The days whiz like glaciers, and you are ready to be discharged from the hospital at last. It takes you most of the afternoon to pack. You arrived with a small overnight bag, but the get-well cards and empty vases and fruit baskets you have accumulated during your illness now fill three suitcases and a large cardboard carton. You dress yourself slowly, taking a good long rest after donning each successive garment, and let Nannie help you lace your shoes. The neckband of your shirt feels as big as a horse collar, and your suit hangs so loosely from your emaciated frame that you glance furtively at the label to see if by any chance it belongs to somebody else.

Leaning on a cane, you proceed down the hall, smiling at the less fortunate patients as you pass their doors. "Goodbye, Mrs. Hostetter, hope you'll be getting out soon." "Look out for that blonde nurse of yours, Mr. Freem." You wave a sentimental farewell to all the orderlies and dieticians and student nurses who have been so nice to you, trying to conceal the fervid hope that you'll never see any of their leering faces again, and descend in the elevator to the main floor and totter across the lobby to the street.

So this is that fresh air that everybody else has been breathing all this time. Look at those flowers growing right in the ground, not in a glass receptacle. Look at all those pretty girls in spike-heel pumps instead of sensible white shoes with corrugated rubber soles. Your hospital stretch is over. You're a free man now. All you need is a warden to shake your hand and give you an envelope with ten dollars.

Your apartment looks exactly as it did when you left it that fatal morning. Nothing had changed in your bedroom. Your brush and comb are still on the dresser; your pajamas are still hanging on the floor of the closet; the cap is still off the toothpaste tube; the magazine you were reading is still lying open on the bedside table beside a pack of stale cigarettes. The whole thing has a musty smell, like George Washington's bedroom at Mount Vermon. The only thing missing is an attendant in a mobcap and a velvet rope across the door. Your desk is piled high with mail, but you're too tired to look at it now. A glass of fruit juice would certainly taste good, but there's no buzzer to press for Nannie. Nobody to give you a back rub, you reflect ruefully. Nobody to tuck you into bed tonight, nobody to bring your supper on a tray, nobody to wake you tomorrow morning and ask you if we had a good night's sleep and how would we like our bath?

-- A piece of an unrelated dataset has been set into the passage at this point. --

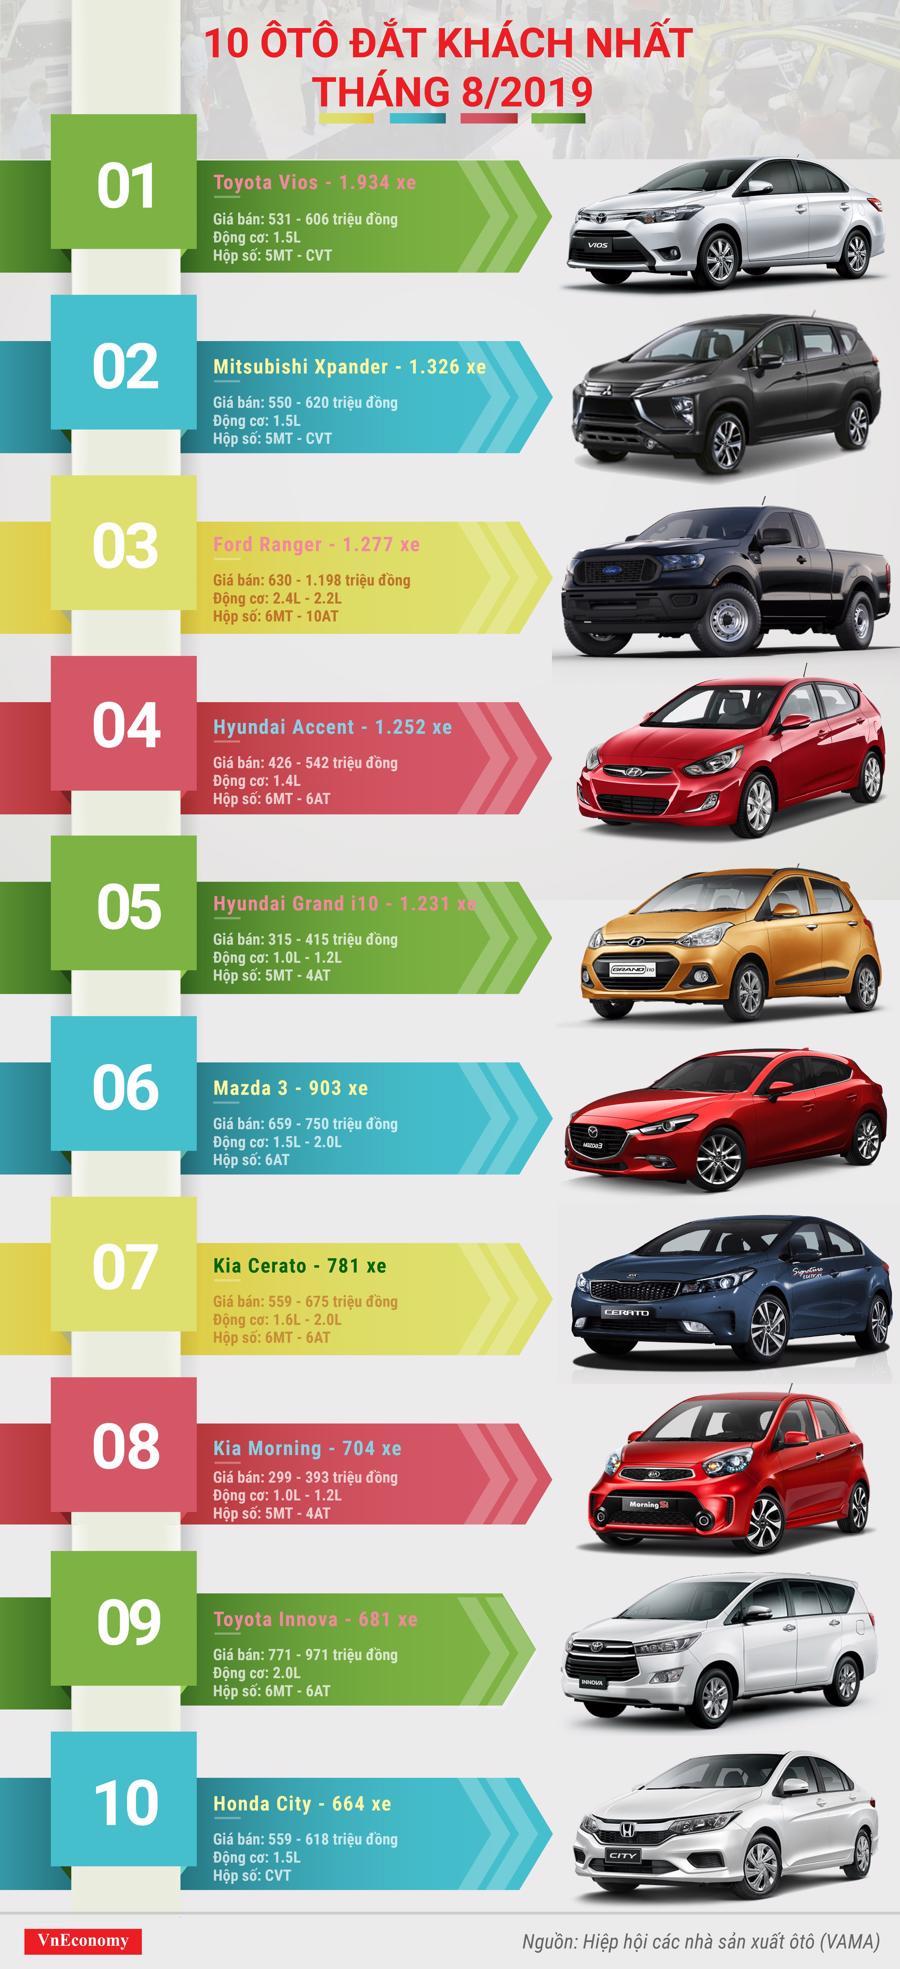 top 10 ô tô đắt khách tháng 8 năm 2019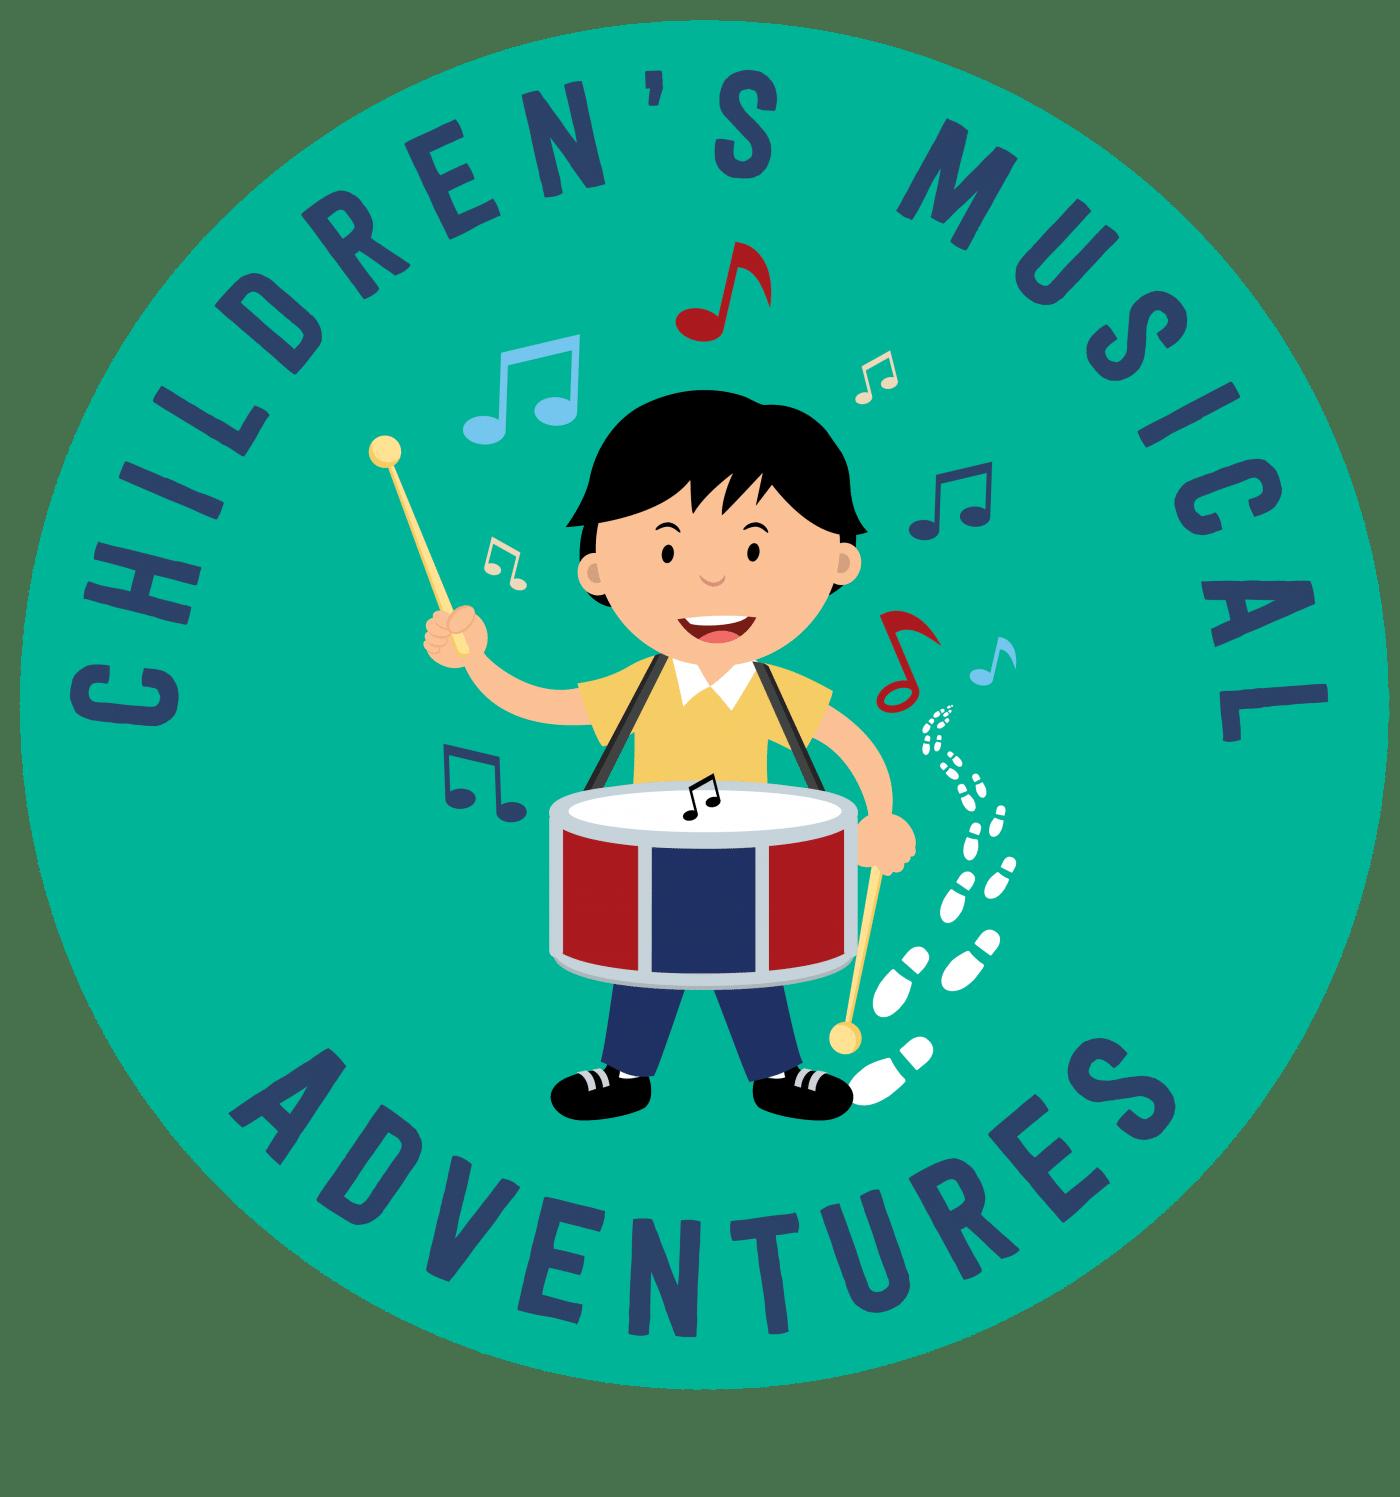 Penarth chamber family concert. Musical clipart music festival

At least, you comfort yourself, all your friends will be waiting impatiently to hear all about your hospital experience. This illusion is promptly shattered. I've been trying to tell people about my operation ever since I had it, but I can't find anybody to listen. It's getting so that everybody avoids me at parties, and acquaintances cross the street when they see me coming.

That's why I hurried over here to the hospital to see you, as soon as I heard about this operation of yours. Do you mind if I close the door of your room to make sure nobody disturbs us? I'll just sit on the edge of your bed, so you can't wiggle out from under the covers and get away. Maybe I'd better disconnect this buzzer in case you want to ring for the nurse. Now, then Let me tell you what happened to me.

-Corey Ford

Corey Ford (1902 - 1969) wrote over 30 books and more than 500 articles, many of them humorous pieces published under the pen-name John Riddell between 1926 and World War II. After World War II he became best known as an editor of Field and Stream magazine, while writing spirited books and essays like the one excerpted here.